Medicinerocky
As the nation wobbles towards the precipice of another general election, it is imperative to ask this question: what manner of president do we really need? Post-independence Nigeria has not been lucky with leadership. Those who showed sparks of quality leadership were either cut down at high noon or were hamstrung by our self-contrived contradictions. The great sage, Nnamdi Azikiwe, with all his lustre and high-octane intellectualism ended up as a mere ceremonial head at a time the nation needed a leader with more decisive pluck.
Shehu Shagari, in spite of his cerebral limitations would have filled the void but he was too weak and lacked the gumption to square up to the bureaucratic mandarins. Under his nose, corruption was writ large. Import licence was traded on the streets like sachets of ‘pure’ water. Shagari, the honest man, surrounded himself with men of banal roguish tendencies. His regime was glossed in uncomplimentary epigraph bordering on corruption, ineptitude and leadership amnesia. Since that darkling hour when he was shooed out of office by the martial chants of a so-called corrective military junta, nobody remembers his regime with any pang of nostalgia. That’s a mark of failure.

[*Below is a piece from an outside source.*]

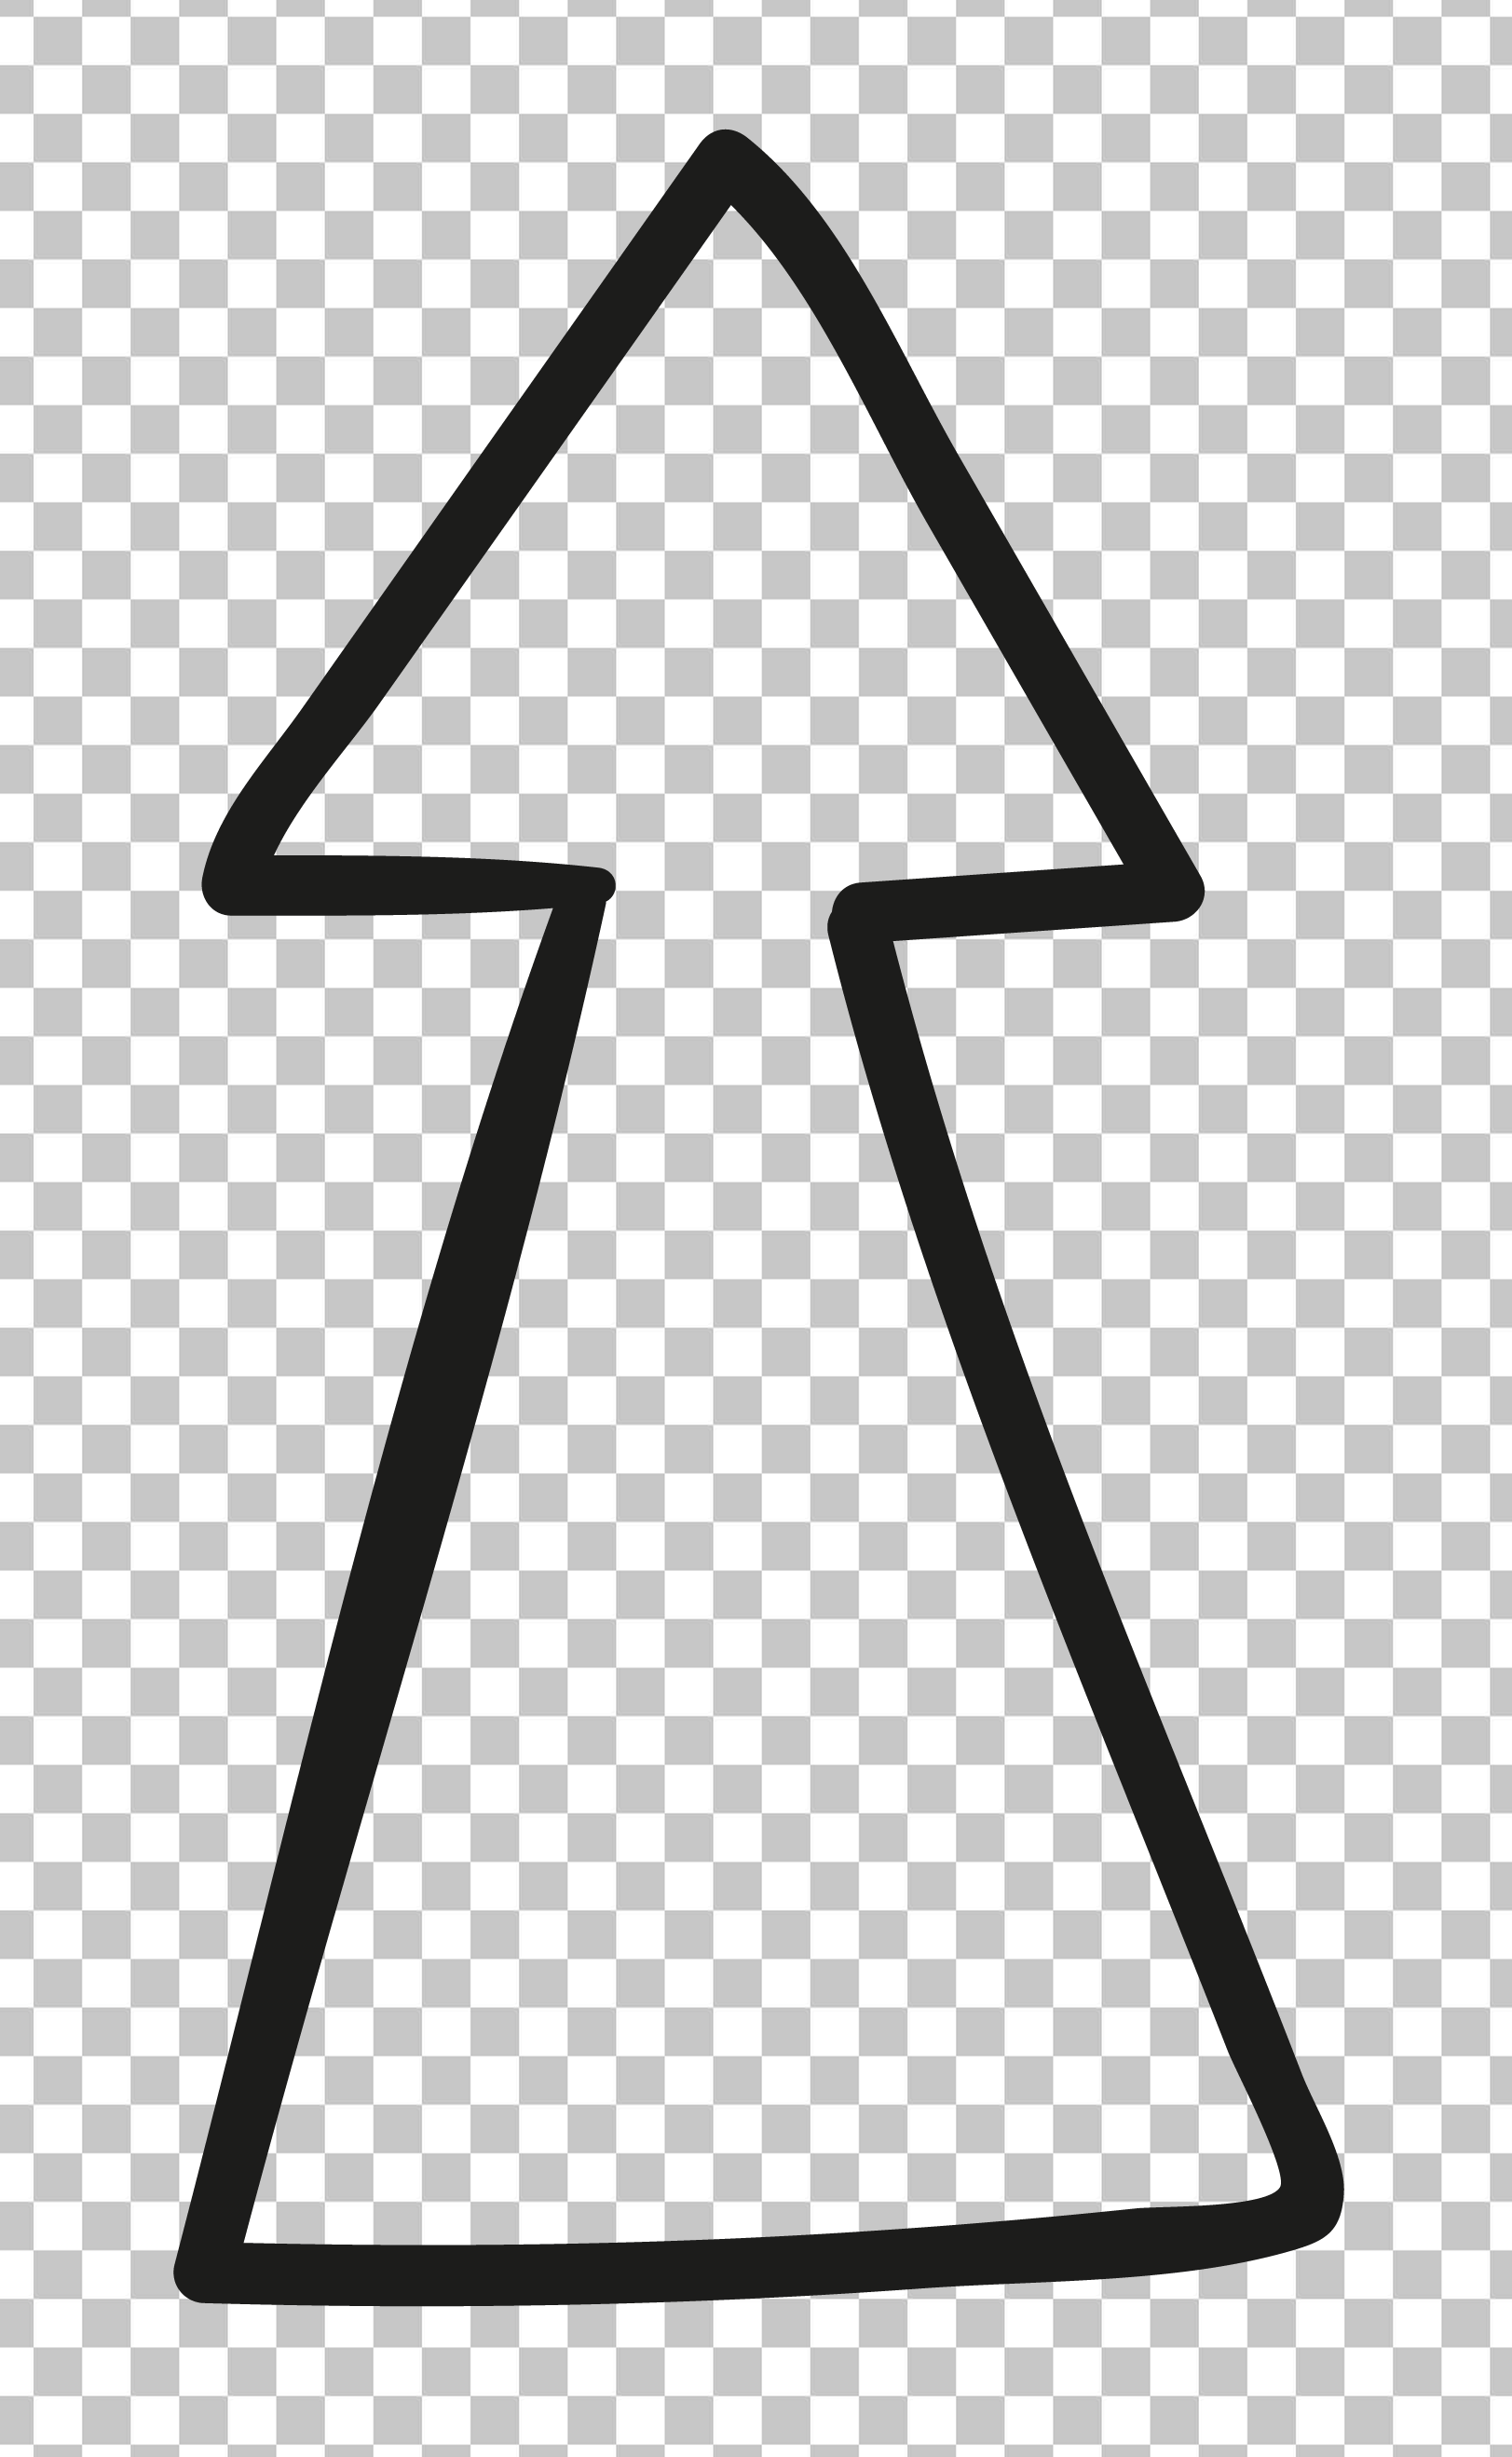 Black and White Arrow Pointing Up PNG Image
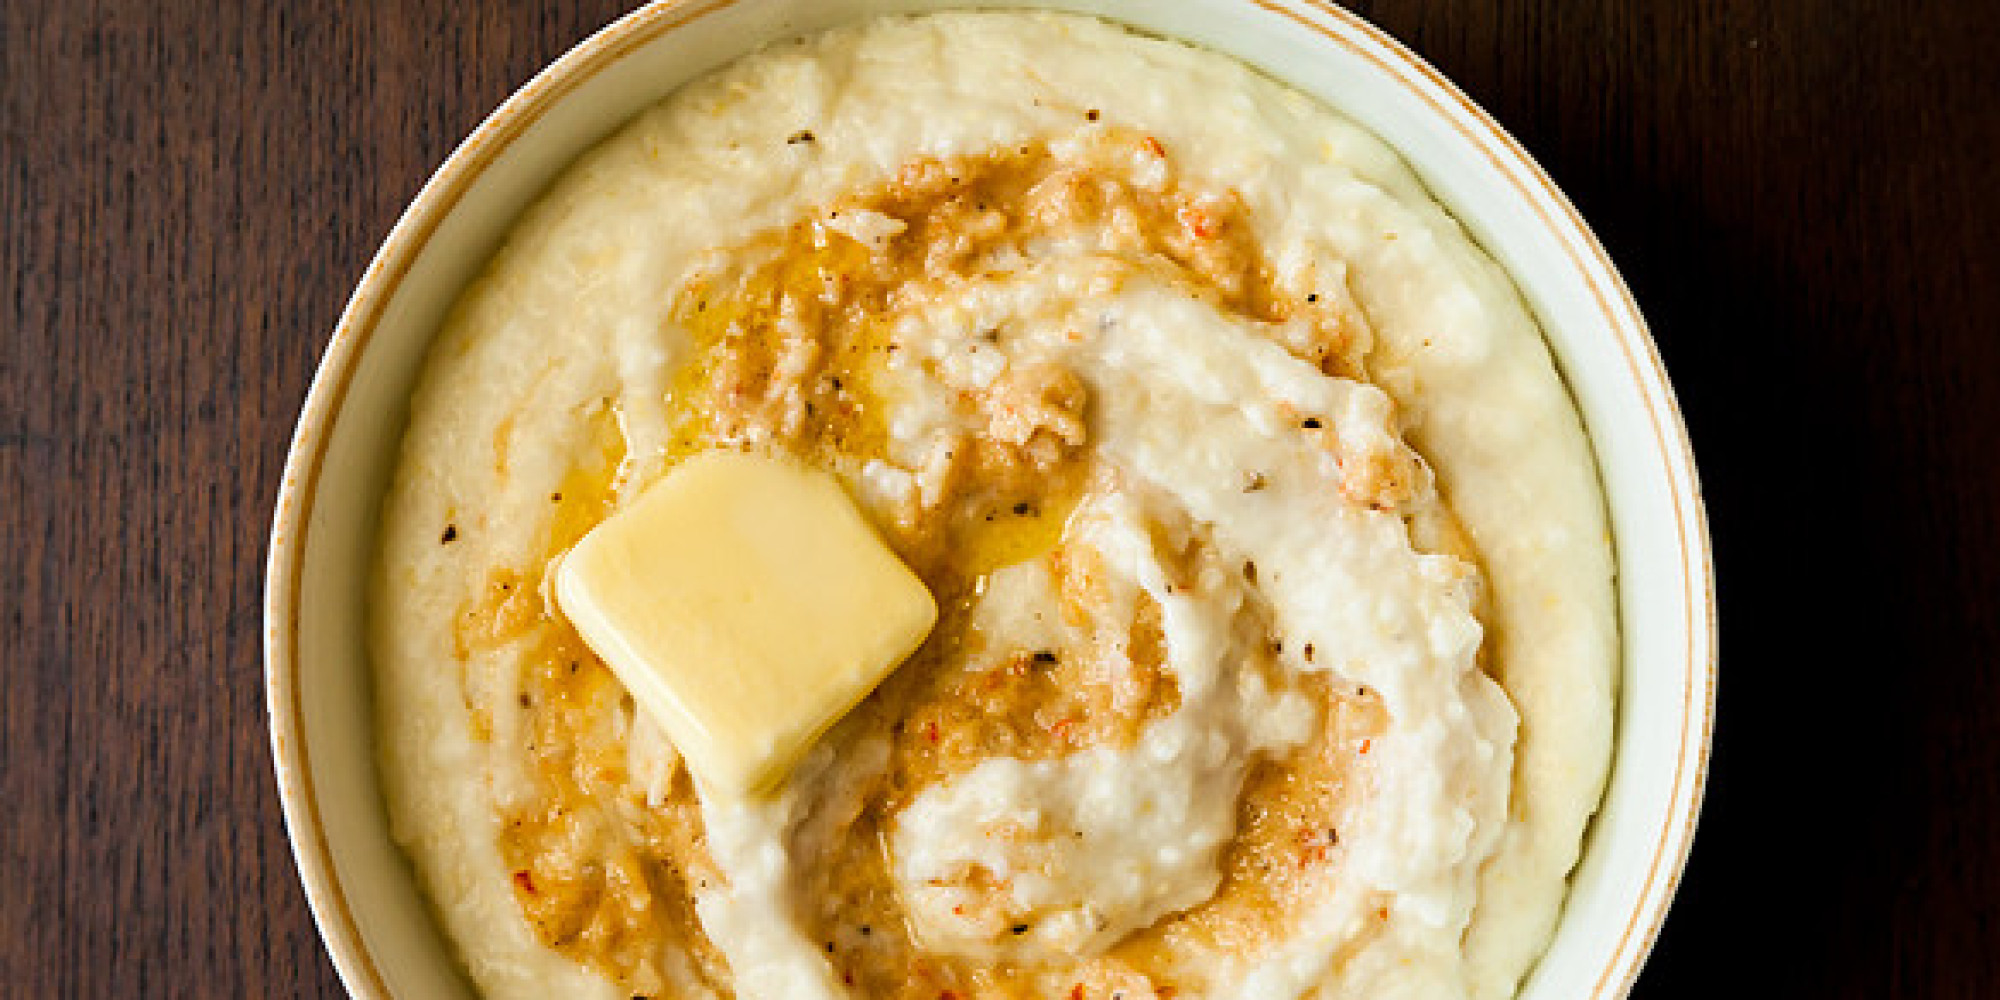 Grits Recipes Aren't Just For Breakfast Anymore (PHOTOS)2000 x 1000

The over three decades that the military saddled the nation’s cathedra of power was a period of aimless wander in the wilderness. They failed to live to their populist mantra of being corrective regimes. They plundered the treasury with bold-face audacity and failed to provide a leadership compass to chart a new course for a nation in dire need of salvation. The military was at best an aberrant punctuation that should never indent the pages of our collective history.
At the fading away of the last silhouette of the military regime personified rather fortuitously by Abdulsalami Abubakar, the civilian regime of Olusegun Obasanjo came close to providing the answer to our leadership question. But Obasanjo lacked the discipline to match his uncommon boldness. Yes, Obasanjo was bold. Yes, he ruffled feathers and upturned hitherto untouchable monuments and power blocs, but he was soon consumed by the same national malaise he set out to conquer. He was stewed in the juice of corruption. He could not provide basic electricity for eight years though he desired so much to do so and spent billions of dollars to generate darkness.
Obasanjo made more political enemies than friends and spent a better part of his tenure hounding them. He did some good surgery though in restructuring the military and breaking the Northern stronghold on and monopoly of a supposedly national institution. He rejigged the economy to some extent; getting debt reprieve and growing the external reserves. He preached prudent fiscal management but he lacked the discipline to practise it. On the political front, he was chief witness to two national elections in 2003 and 2007. Both ended like their predecessors: with controversial outcomes.
So, Obasanjo ended his tenure neither the hero nor the superman. He was just the man, only that. Umaru Yar’Adua was thought to be the man to lead the national salvation army. But a number of factors not least was his ill-health conspired to do him in. Yar’Adua was undone by the foibles of humanity. His ill-health, his innate weakness, just like Shagari, that made him unable to rein in some of his notoriously dubious aides and a wife that combined the materialistic acquisitiveness of Imelda Marcos with the raw brutism of Jezebel, the Phoenician wife of Ahab, robbed him of any petals of glory. He dithered on many issues that required presidential decisiveness. He was not the man, but the nearly man.
It is difficult to place the incumbent, Goodluck Jonathan. Except for appearing to be riding on the wings of inexplicable mercies of Providence, becoming governor and now president all by default, Jonathan is yet to pull himself together to confront the incubus of corruption and the succubus of disorientation that have over the years threatened to asphyxiate the nation’s socio-economic well-being.
Though, he towers above the rest in that he seems gifted with long suffering spirit and an inner strength to endure the pangs of shame just to reach his goal. But Nigeria needs more than a good-natured leader or one trusting the divine interventions of the power from above. Nigeria needs a president that would be resolutely ruthless against corruption and the band of treasury plunderers. She needs a leader that is both physically healthy and intellectually adroit; not a dense illiterate.
Many people have called for a debate among the presidential contenders. I welcome debate but doing well on the rostrum does not always translate to providing the right leadership to complement one’s oratory and deep appreciation of the challenges of governance. Otherwise, President Barack Obama, the first American president of colour would not have lost his allure too soon. Nearly two years in office, it is difficult to locate the ‘Yes, we can’ mojo with which he rode to the White House chalking votes from both Democrats and Republicans who were charmed by the sheer force of his argument. Obama was long in speech but he appears very short in action. Nigeria does not need such president now. What Nigeria needs is a president who can combine the boldness of Obasanjo, the honesty of Shagari, the fortitude of Franklin Delano Roosevelt, and the visionary ability and oriental work ethics of Sun Yat-sen – the fabled father of modern China.
Nigeria needs a president who can break the stranglehold of jaded and retired Generals and the platoon of recycled political fossils and crooks who have refused to quit the stage, instead have continued to impose their jaundiced ideas on us. The next president must be one who would gather this clan of yesterday’s looters and put them in prison…to herald a genuine revolution.